I try to do the same here at State Press. I wrote an article during my first semester of reporting about my experience being adopted into the Quinault Indian Nation, a people that most readers have probably never heard of before.

I also regularly write articles about Native American affairs on campus, whether they be profiles on Native students or coverage of events celebrating the heritage of those students at ASU.

It’s important to me to bring awareness of my people to my State Press readers — to bring something back to my community.

Notah said seeing other Native American students work and strive for her same ambitions gave her courage to push forward in her career.

“It gave me more hope that … even though we’re so small in number, our goals are huge,” she said.

She said that writing for a publication “by Native students for Native students” offers visibility to a group she said is usually invisible, herself included.

Walking into a newsroom full of Native American peers gave her a sense of familiarity that she couldn’t find in the Cronkite News newsroom, Notah said. 

“I think being at my first meeting for Turning Points felt like I was bringing my tools and knowledge of journalism into a place where I feel accepted and welcomed,” she said. “My previous senior editor would wear the most beautiful Native jewelry, and my in-laws are Navajo silversmiths, so I would see it and know how it was made and what the meaning behind her turquoise was.”

In the newsroom I’m in, I don’t see many things like that, but I find a different form of comfort and finding a piece of my home here at The State Press.

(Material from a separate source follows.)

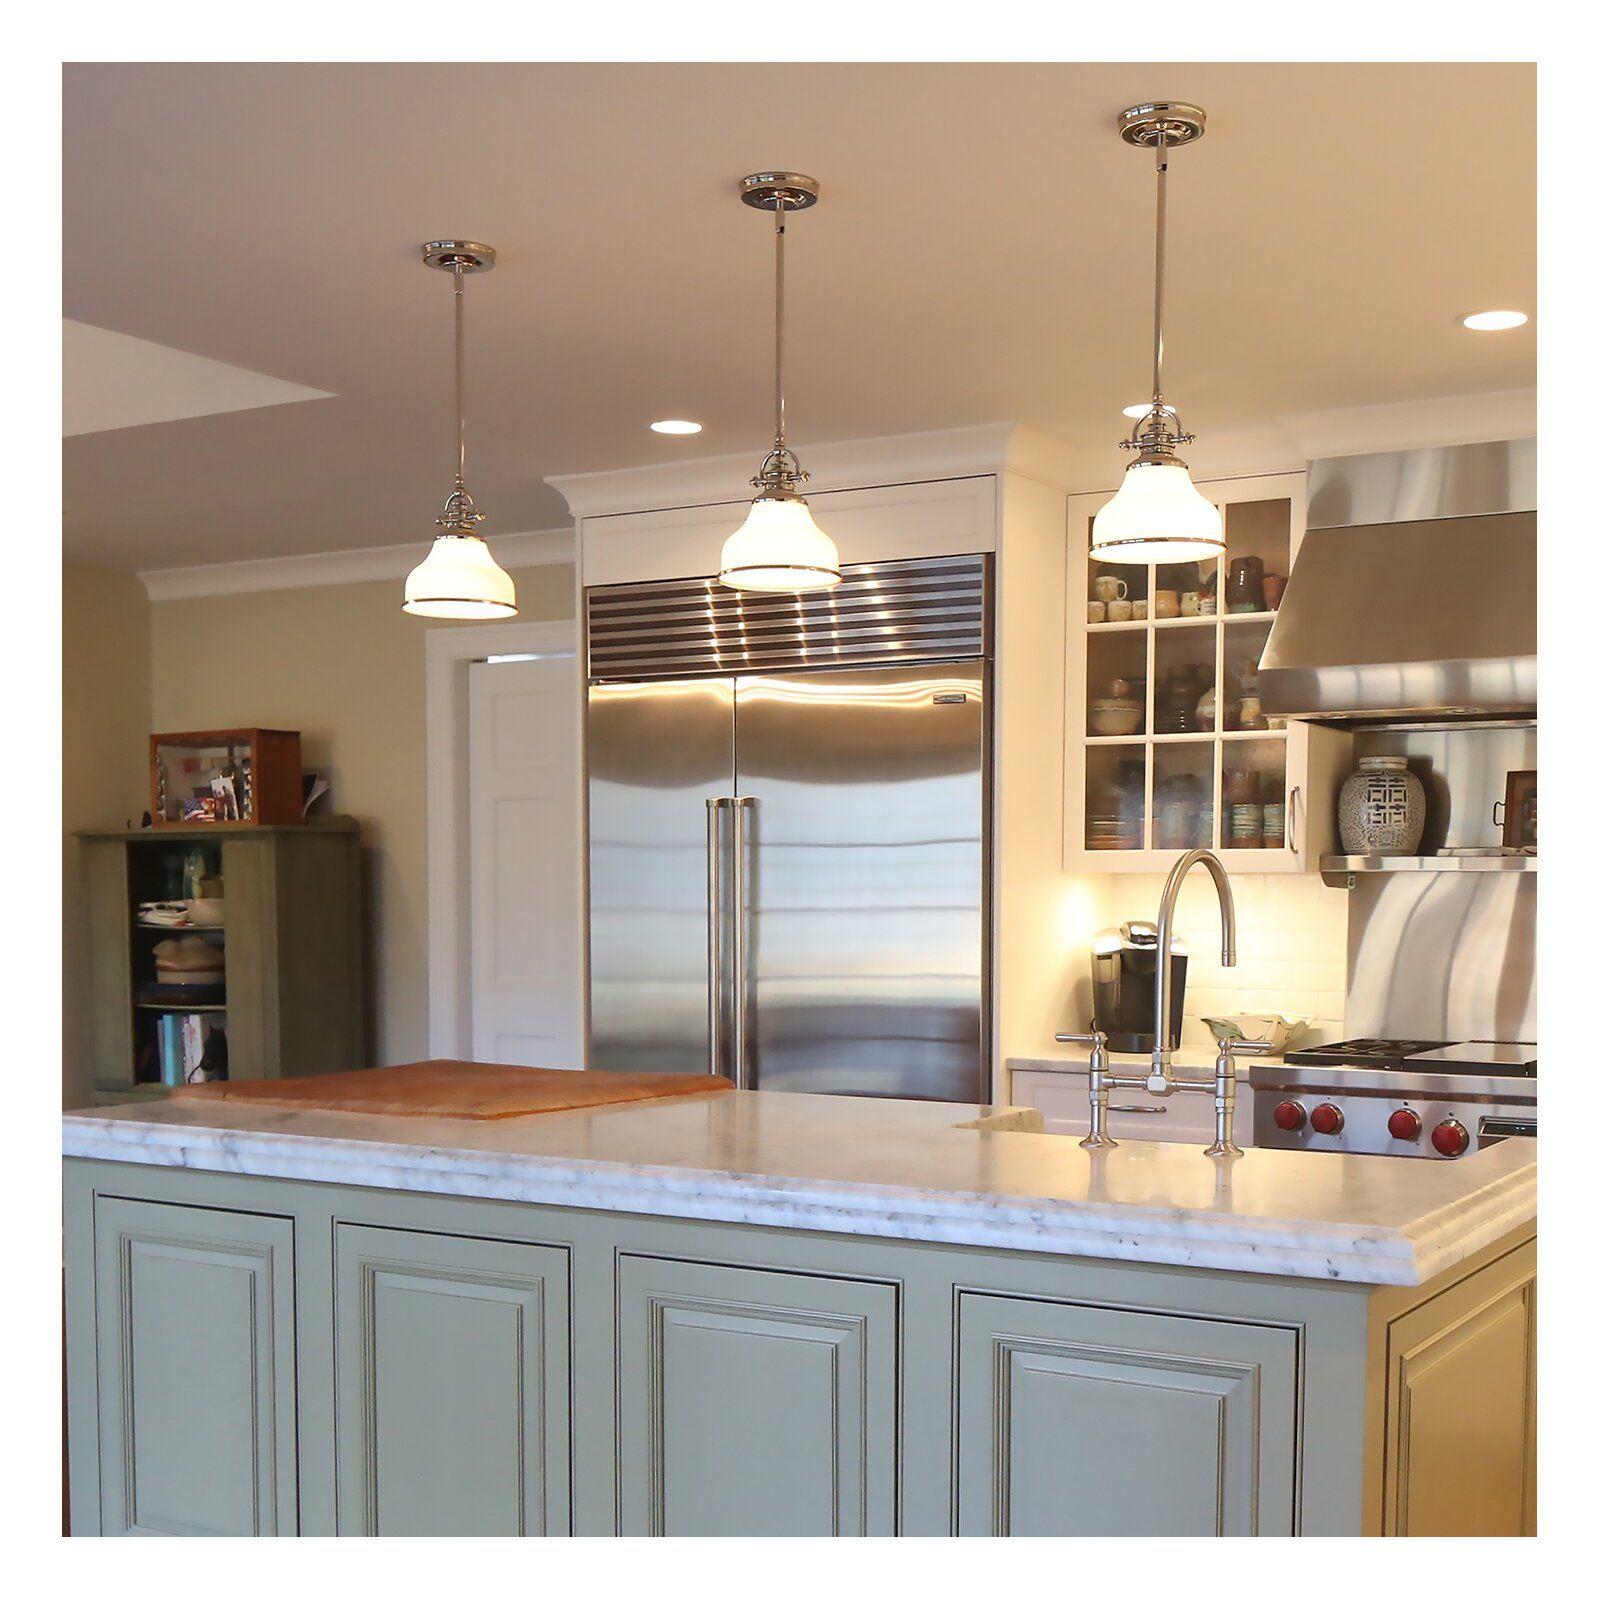 Macon 1-Light Single Bell Pendant In 2019 | House | Kitchen with regard to Macon 1-Light Single Dome Pendants (Image 21 of 30)

When I used to wear a jade feather necklace every day, some fellow reporters were curious and would ask me about it. I would explain the significance of jade in the Native community and the further significance that it was handmade by a vendor on my reservation in Washington.

The curiosity of my State Press peers helps me to find my home by speaking about my culture — in the same way that Notah finds her home in the shared culture of the Turning Points newsroom.

Notah said that she felt she was fighting against the invisibility of Native Americans in media by being a part of a predominantly white publication at Cronkite News, a sentiment that I relate to daily here at The State Press.

I feel that my presence here alone proves that Native Americans have a voice worth hearing — a voice that I am truly proud to have contributed to in my time at The State Press.